Türkler, Rusya'nın "Altın Vize" Programında Lider
Rusya İçişleri Bakanlığı, yatırım yoluyla doğrudan oturum izni (VNH) alan yabancı yatırımcılara ilişkin verileri açıkladı. Bakanlık verilerine göre, 17 Mart itibarıyla Türkiye’den üç yatırımcı bu fırsattan yararlandı. Türkiye’yi, Almanya’dan iki, ABD, Gürcistan, Azerbaycan, Çin ve Güney Kore’den birer yatırımcı takip etti.
Yetkililer, toplamda 10 yabancı yatırımcının Rusya’dan oturum izni aldığını belirtti. Ocak 2023’te yürürlüğe giren mevzuatla hayata geçirilen bu sistem kapsamında, belirli yatırım kriterlerini karşılayan kişilere kalıcı oturum hakkı sağlıyor. Yatırımcılar, geçici oturum sürecini atlayarak doğrudan uzun süreli oturum izni başvurusu yapabiliyor.
RUSYA’NIN "ALTIN VİZE" ŞARTLARI
Altın vize programı, Rusya’ya sermaye getiren yatırımcılara hızlı ve kolay oturum hakkı sunmayı amaçlıyor. Program kapsamında yatırımcıların en az 15 milyon ruble (yaklaşık 4,5 milyon TL) değerinde bir Rus şirketine yatırım yapması ya da en az 50 milyon ruble (yaklaşık 15 milyon TL) değerinde yabancı şirket yatırımı gerçekleştirmesi gerekiyor. Ayrıca, yatırım yapılan şirketin en az üç yıldır faaliyet göstermesi, 6 milyon ruble vergi ödemesi ve en az 25 kişiyi istihdam etmesi gibi şartları karşılaması bekleniyor.
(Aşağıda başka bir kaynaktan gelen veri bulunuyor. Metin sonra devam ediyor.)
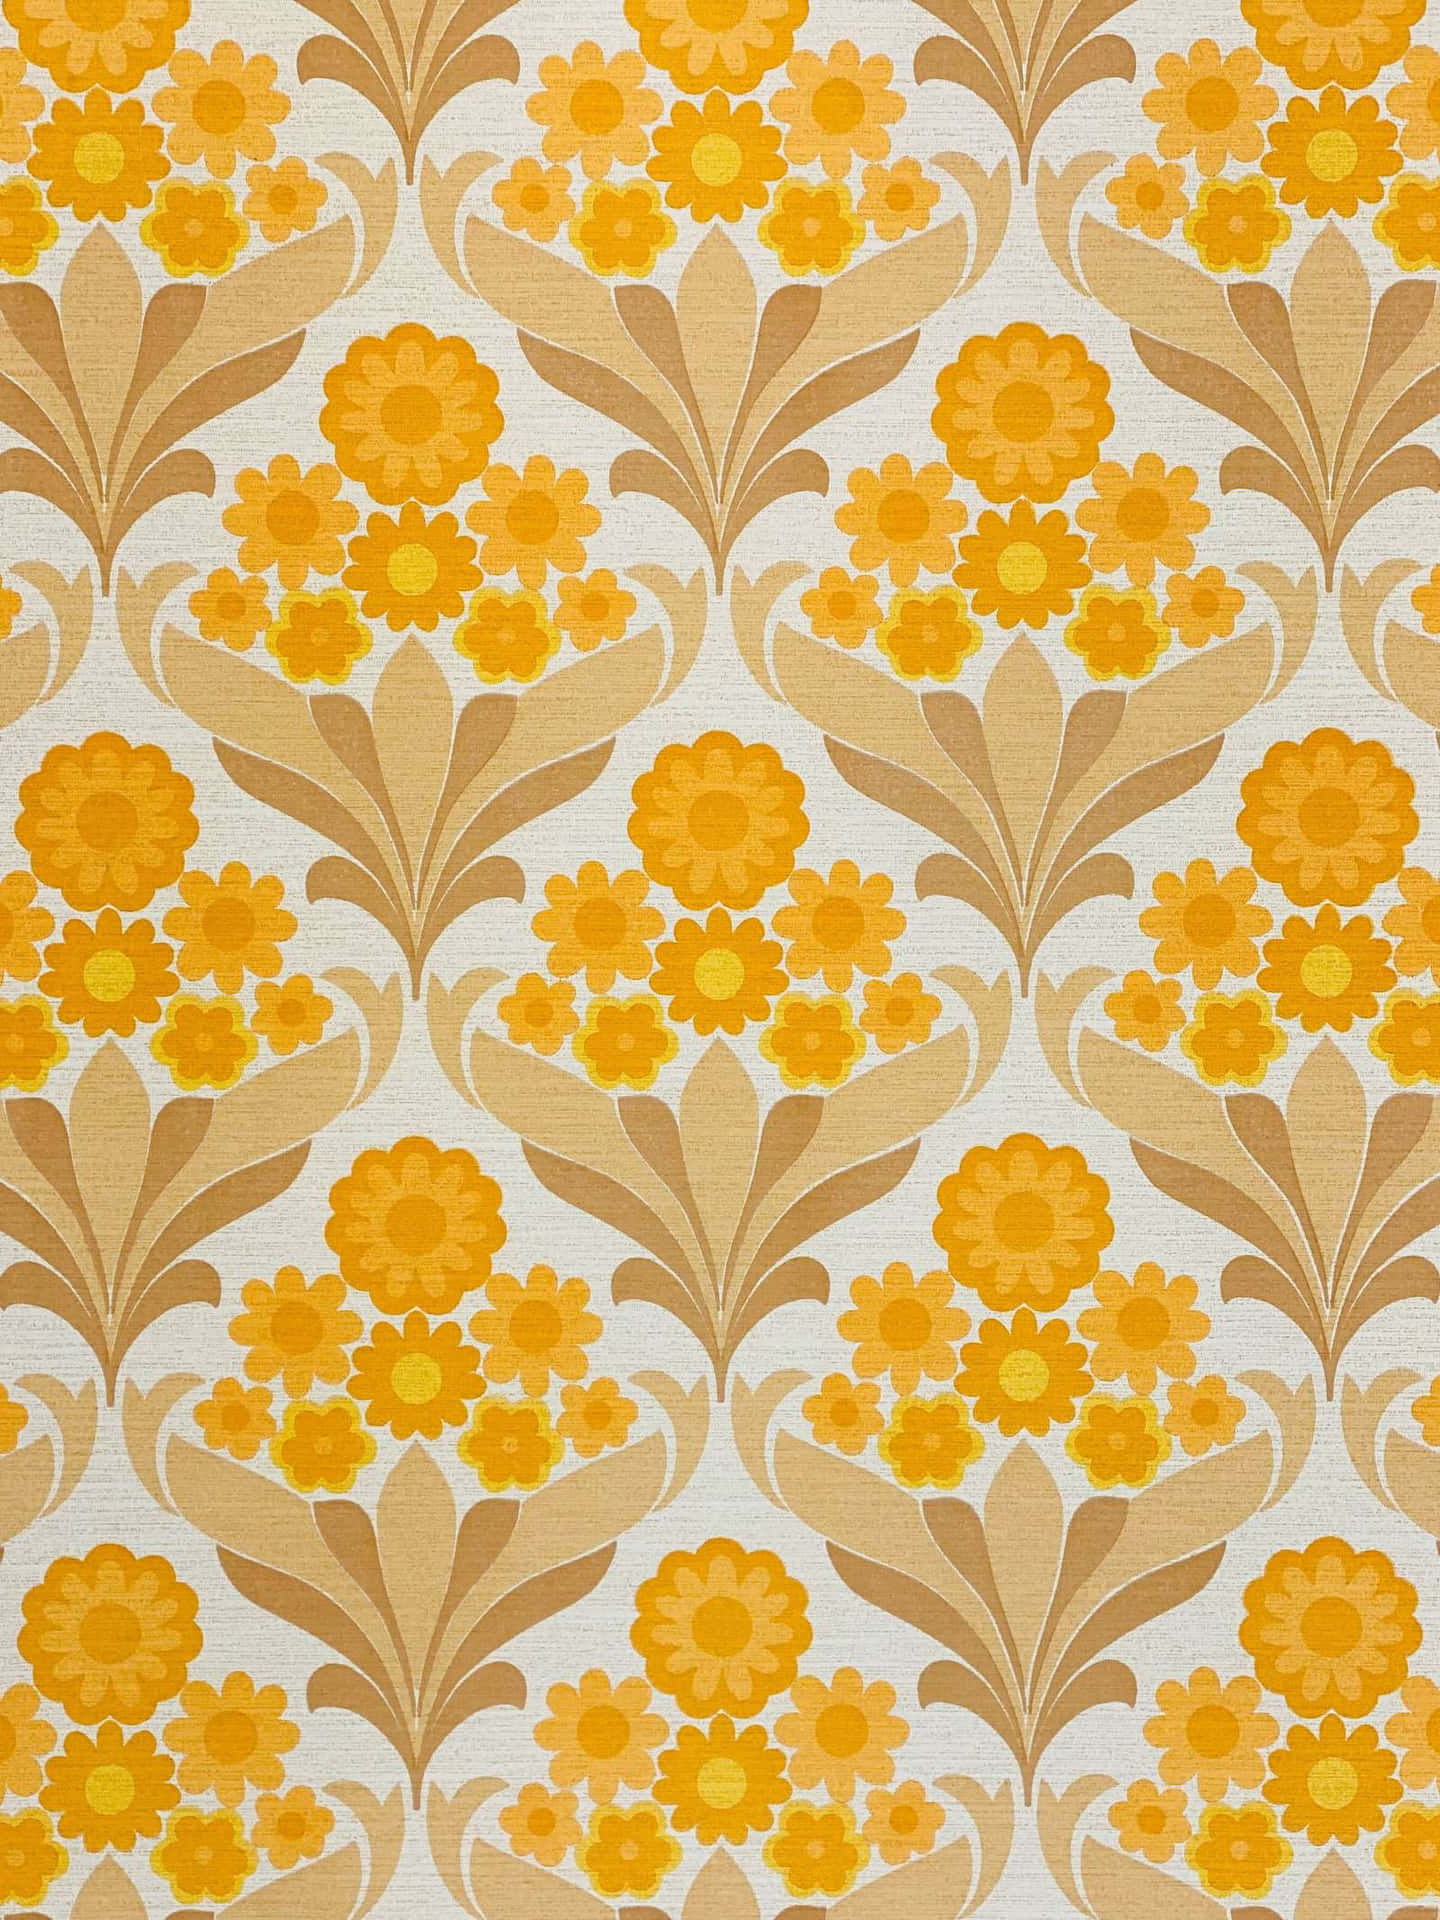 Hearts Abound in This Enchanting 70s Floral Design Wallpaper

Bunlara ek olarak, yatırımcılar başlangıç sermayesi 10 milyon ruble olan ve en az 10 Rus vatandaşını istihdam eden bir şirket kurarak da oturum izni alabiliyor. Alternatif olarak, üç yıl boyunca 30 milyon ruble değerinde Rus devlet tahvili veya gayrimenkul yatırımı yapılması gerekiyor. Petrol, gaz, tarım, enerji, tıp, IT ve araştırma gibi sektörlere meşru kaynaklardan yatırım yapılması da şartlar arasında yer alıyor.
PROGRAMIN GELECEĞİ BELİRSİZ
Rusya’nın altın vize programına 2023 yılında toplam 20 kişi başvururken, bu başvurular ABD, Almanya, Çin, Sırbistan, Gürcistan, Türkiye ve Cezayir vatandaşlarından geldi. Program kapsamında toplamda 1,2 milyar ruble (yaklaşık 13 milyon dolar) yatırım yapıldığı açıklandı. Ancak şu ana kadar verilen oturum izinlerinin sınırlı kalması, programın yatırımcılar açısından yeterince cazip olup olmadığı konusunda soru işaretleri yaratıyor. Uzmanlara göre, ilerleyen dönemde yatırım kriterlerinin esnetilip esnetilmeyeceği, programın ne kadar ilgi göreceğini belirleyecek.